- **DATA RECORDS**
______
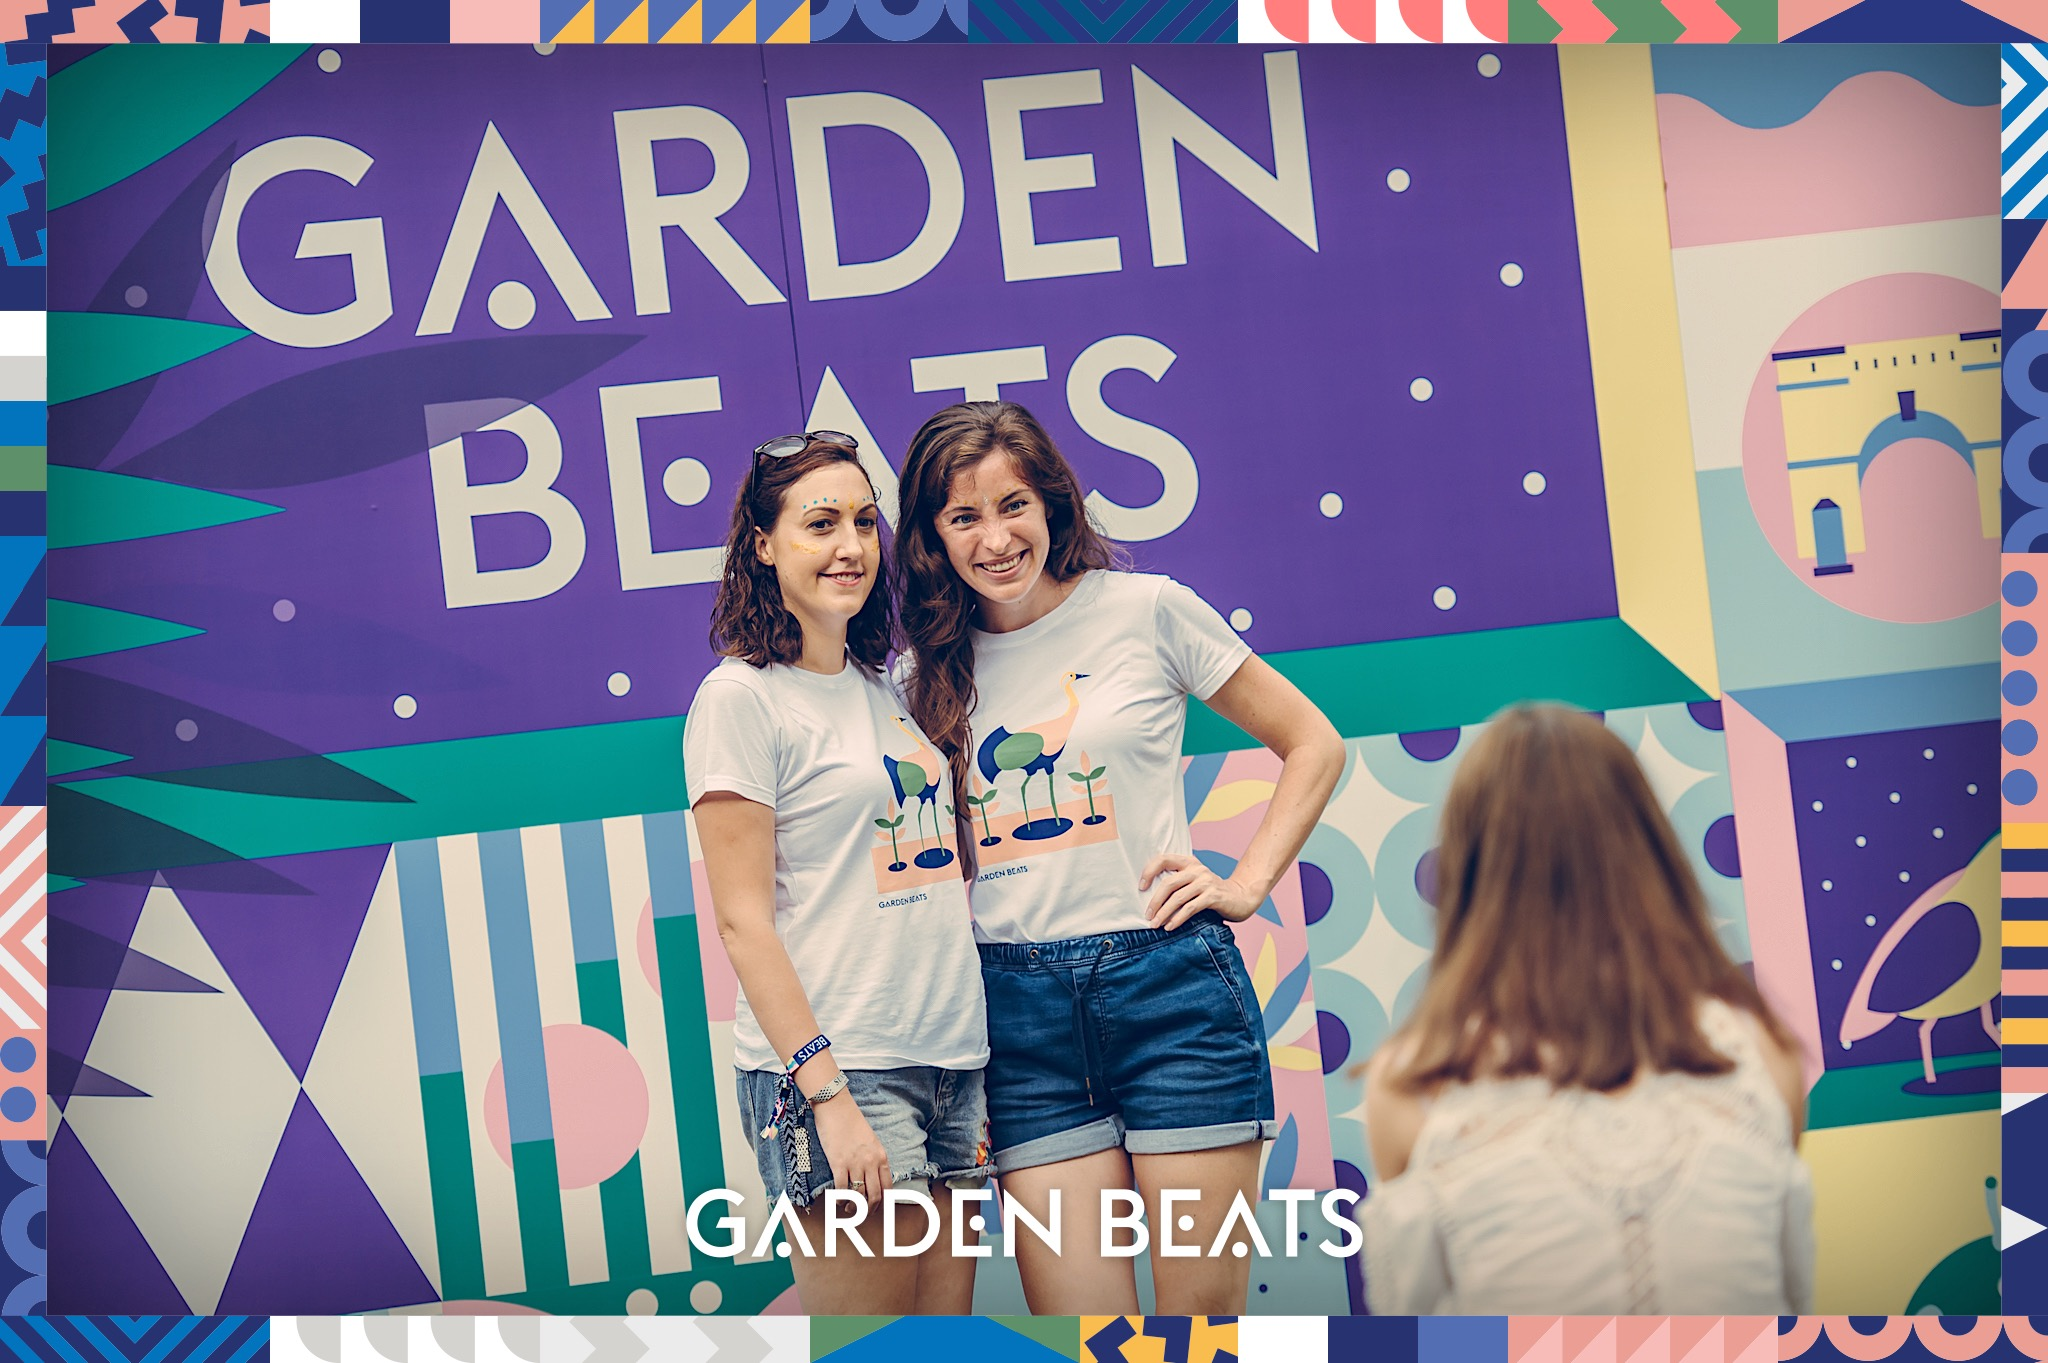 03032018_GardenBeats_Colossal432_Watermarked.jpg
______
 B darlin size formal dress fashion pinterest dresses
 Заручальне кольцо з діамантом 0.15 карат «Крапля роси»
______
- **WHAT NEEDS TO BE DONE**
Reproduce the lines of the entries above from the one with "B darlin size" to the one with "Заручальне кольцо з", both included, exactly and without any other line.

- **COMPLETED EXERCISE**
 B darlin size formal dress fashion pinterest dresses
 Заручальне кольцо з діамантом 0.15 карат «Крапля роси»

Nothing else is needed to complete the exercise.